## [Supplied data]
• • •

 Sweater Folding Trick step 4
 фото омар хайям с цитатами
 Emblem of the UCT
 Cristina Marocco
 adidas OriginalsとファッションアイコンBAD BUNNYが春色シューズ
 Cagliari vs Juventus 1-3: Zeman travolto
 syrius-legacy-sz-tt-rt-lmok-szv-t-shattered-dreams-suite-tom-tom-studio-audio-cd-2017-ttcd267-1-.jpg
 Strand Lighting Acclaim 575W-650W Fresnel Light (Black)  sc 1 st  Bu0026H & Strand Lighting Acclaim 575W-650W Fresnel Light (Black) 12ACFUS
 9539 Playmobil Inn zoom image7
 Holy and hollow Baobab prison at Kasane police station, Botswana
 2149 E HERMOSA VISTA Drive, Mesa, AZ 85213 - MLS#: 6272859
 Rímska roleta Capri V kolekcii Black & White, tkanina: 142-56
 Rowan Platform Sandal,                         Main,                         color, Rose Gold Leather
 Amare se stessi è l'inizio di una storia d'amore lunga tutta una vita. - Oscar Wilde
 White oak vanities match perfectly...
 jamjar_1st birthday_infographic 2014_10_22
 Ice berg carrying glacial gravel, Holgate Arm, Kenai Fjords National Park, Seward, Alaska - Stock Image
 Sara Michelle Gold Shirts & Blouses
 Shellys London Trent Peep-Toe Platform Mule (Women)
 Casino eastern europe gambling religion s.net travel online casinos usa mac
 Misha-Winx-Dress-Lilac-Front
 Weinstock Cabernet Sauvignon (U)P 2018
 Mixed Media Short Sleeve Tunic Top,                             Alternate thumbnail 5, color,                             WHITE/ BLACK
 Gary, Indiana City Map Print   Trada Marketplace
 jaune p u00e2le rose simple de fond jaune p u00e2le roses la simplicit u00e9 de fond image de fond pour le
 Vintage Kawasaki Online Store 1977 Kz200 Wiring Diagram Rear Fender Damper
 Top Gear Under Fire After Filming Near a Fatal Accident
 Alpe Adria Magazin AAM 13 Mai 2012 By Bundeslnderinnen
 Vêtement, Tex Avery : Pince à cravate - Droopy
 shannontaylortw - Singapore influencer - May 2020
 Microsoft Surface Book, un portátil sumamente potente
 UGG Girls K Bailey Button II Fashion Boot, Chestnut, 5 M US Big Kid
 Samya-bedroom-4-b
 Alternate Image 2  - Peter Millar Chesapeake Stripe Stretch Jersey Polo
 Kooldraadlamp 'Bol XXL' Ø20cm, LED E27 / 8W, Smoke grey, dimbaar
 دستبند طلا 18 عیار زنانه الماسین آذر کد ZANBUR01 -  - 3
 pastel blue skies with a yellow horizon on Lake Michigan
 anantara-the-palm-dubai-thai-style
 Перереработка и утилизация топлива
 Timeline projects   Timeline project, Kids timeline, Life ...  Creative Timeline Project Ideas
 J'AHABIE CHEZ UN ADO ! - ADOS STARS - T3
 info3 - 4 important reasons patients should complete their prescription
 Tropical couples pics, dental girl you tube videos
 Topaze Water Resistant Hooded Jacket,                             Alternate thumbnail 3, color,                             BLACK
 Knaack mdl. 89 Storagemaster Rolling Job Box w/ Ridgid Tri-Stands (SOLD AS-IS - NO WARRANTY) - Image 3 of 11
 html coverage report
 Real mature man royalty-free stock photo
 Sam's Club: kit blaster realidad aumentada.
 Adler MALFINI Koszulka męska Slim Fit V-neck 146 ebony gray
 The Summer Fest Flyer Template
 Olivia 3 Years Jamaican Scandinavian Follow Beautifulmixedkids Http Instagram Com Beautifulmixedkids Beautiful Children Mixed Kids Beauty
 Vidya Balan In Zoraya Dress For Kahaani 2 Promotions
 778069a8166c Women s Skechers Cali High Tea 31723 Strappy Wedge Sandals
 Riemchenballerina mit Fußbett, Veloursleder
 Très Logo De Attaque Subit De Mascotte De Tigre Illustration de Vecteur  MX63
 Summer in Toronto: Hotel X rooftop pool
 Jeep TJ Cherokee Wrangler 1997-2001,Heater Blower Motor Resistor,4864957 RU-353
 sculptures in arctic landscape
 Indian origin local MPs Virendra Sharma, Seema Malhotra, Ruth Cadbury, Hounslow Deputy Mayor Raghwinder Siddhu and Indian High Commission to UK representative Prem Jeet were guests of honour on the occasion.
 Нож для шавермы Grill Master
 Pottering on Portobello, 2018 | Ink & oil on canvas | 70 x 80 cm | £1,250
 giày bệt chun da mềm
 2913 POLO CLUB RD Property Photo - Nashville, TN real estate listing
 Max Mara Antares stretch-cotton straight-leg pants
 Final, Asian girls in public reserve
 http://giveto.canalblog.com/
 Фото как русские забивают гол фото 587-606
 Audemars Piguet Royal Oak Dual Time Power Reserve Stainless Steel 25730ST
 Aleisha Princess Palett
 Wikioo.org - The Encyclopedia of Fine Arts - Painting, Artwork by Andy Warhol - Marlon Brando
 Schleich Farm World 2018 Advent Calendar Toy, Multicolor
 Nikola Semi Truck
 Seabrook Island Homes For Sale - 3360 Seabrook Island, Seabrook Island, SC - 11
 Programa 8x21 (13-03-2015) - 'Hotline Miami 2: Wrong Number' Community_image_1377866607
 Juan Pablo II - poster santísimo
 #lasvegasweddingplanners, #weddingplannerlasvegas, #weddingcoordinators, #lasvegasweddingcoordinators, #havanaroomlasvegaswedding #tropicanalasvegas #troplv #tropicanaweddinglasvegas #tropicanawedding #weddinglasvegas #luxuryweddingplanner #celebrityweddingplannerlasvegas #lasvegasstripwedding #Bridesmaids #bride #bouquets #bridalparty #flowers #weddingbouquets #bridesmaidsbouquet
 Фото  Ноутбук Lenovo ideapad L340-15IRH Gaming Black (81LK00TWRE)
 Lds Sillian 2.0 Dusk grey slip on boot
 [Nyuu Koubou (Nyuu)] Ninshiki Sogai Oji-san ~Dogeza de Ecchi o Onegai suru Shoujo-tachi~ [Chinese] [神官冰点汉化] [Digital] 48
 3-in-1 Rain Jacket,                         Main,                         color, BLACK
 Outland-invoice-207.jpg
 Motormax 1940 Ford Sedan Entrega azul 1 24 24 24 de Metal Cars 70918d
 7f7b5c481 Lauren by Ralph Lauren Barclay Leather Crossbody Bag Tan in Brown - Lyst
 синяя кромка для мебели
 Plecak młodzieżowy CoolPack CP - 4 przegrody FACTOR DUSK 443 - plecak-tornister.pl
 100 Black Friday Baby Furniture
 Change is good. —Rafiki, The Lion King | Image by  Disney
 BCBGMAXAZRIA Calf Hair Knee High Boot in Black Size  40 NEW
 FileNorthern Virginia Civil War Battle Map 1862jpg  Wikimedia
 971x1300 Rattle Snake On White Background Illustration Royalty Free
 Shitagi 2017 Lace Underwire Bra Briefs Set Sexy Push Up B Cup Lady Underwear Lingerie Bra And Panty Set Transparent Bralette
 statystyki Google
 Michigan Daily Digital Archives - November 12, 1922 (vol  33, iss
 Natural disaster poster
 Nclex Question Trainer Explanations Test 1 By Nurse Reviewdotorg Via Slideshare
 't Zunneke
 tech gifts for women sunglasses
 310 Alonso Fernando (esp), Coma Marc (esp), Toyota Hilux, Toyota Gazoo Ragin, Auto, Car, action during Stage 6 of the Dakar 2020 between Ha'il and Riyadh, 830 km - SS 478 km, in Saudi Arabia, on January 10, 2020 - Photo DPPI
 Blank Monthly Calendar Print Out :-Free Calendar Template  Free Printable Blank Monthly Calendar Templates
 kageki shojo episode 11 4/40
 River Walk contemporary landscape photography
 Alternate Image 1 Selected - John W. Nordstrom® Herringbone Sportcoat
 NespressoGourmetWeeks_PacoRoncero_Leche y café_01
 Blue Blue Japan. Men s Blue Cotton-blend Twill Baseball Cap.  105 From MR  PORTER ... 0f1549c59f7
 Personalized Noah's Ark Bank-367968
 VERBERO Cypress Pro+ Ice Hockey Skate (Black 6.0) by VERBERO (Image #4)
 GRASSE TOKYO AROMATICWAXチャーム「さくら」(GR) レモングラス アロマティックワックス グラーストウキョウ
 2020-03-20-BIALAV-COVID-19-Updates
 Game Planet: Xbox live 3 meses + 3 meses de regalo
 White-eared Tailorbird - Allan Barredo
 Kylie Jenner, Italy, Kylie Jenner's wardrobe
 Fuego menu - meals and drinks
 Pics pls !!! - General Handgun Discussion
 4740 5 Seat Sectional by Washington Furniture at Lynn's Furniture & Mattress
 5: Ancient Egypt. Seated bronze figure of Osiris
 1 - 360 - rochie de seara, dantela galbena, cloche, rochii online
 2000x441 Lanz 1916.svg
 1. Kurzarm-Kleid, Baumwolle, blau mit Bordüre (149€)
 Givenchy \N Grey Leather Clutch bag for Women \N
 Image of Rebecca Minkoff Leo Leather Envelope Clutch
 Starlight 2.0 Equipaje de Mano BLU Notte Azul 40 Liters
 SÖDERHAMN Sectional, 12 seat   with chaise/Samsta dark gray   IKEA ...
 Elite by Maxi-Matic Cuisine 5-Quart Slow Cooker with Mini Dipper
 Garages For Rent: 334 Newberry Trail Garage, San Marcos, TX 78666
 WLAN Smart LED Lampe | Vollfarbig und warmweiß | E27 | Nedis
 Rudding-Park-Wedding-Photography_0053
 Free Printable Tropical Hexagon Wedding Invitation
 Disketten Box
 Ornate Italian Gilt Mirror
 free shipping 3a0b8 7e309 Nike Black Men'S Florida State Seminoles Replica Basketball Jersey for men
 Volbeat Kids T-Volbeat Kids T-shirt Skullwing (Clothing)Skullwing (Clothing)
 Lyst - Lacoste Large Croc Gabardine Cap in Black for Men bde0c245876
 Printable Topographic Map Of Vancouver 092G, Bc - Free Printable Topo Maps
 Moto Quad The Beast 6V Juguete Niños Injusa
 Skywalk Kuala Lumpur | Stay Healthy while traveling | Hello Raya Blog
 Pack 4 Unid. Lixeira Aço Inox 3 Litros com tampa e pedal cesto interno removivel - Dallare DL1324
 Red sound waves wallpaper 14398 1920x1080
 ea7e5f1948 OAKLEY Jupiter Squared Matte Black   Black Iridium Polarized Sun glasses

• • •

## [Assigned task]
From the first line of the data above to the line holding "Rímska roleta Capri", reproduce each line exactly; emit no other lines.

## [Result for this task]
 Sweater Folding Trick step 4
 фото омар хайям с цитатами
 Emblem of the UCT
 Cristina Marocco
 adidas OriginalsとファッションアイコンBAD BUNNYが春色シューズ
 Cagliari vs Juventus 1-3: Zeman travolto
 syrius-legacy-sz-tt-rt-lmok-szv-t-shattered-dreams-suite-tom-tom-studio-audio-cd-2017-ttcd267-1-.jpg
 Strand Lighting Acclaim 575W-650W Fresnel Light (Black)  sc 1 st  Bu0026H & Strand Lighting Acclaim 575W-650W Fresnel Light (Black) 12ACFUS
 9539 Playmobil Inn zoom image7
 Holy and hollow Baobab prison at Kasane police station, Botswana
 2149 E HERMOSA VISTA Drive, Mesa, AZ 85213 - MLS#: 6272859
 Rímska roleta Capri V kolekcii Black & White, tkanina: 142-56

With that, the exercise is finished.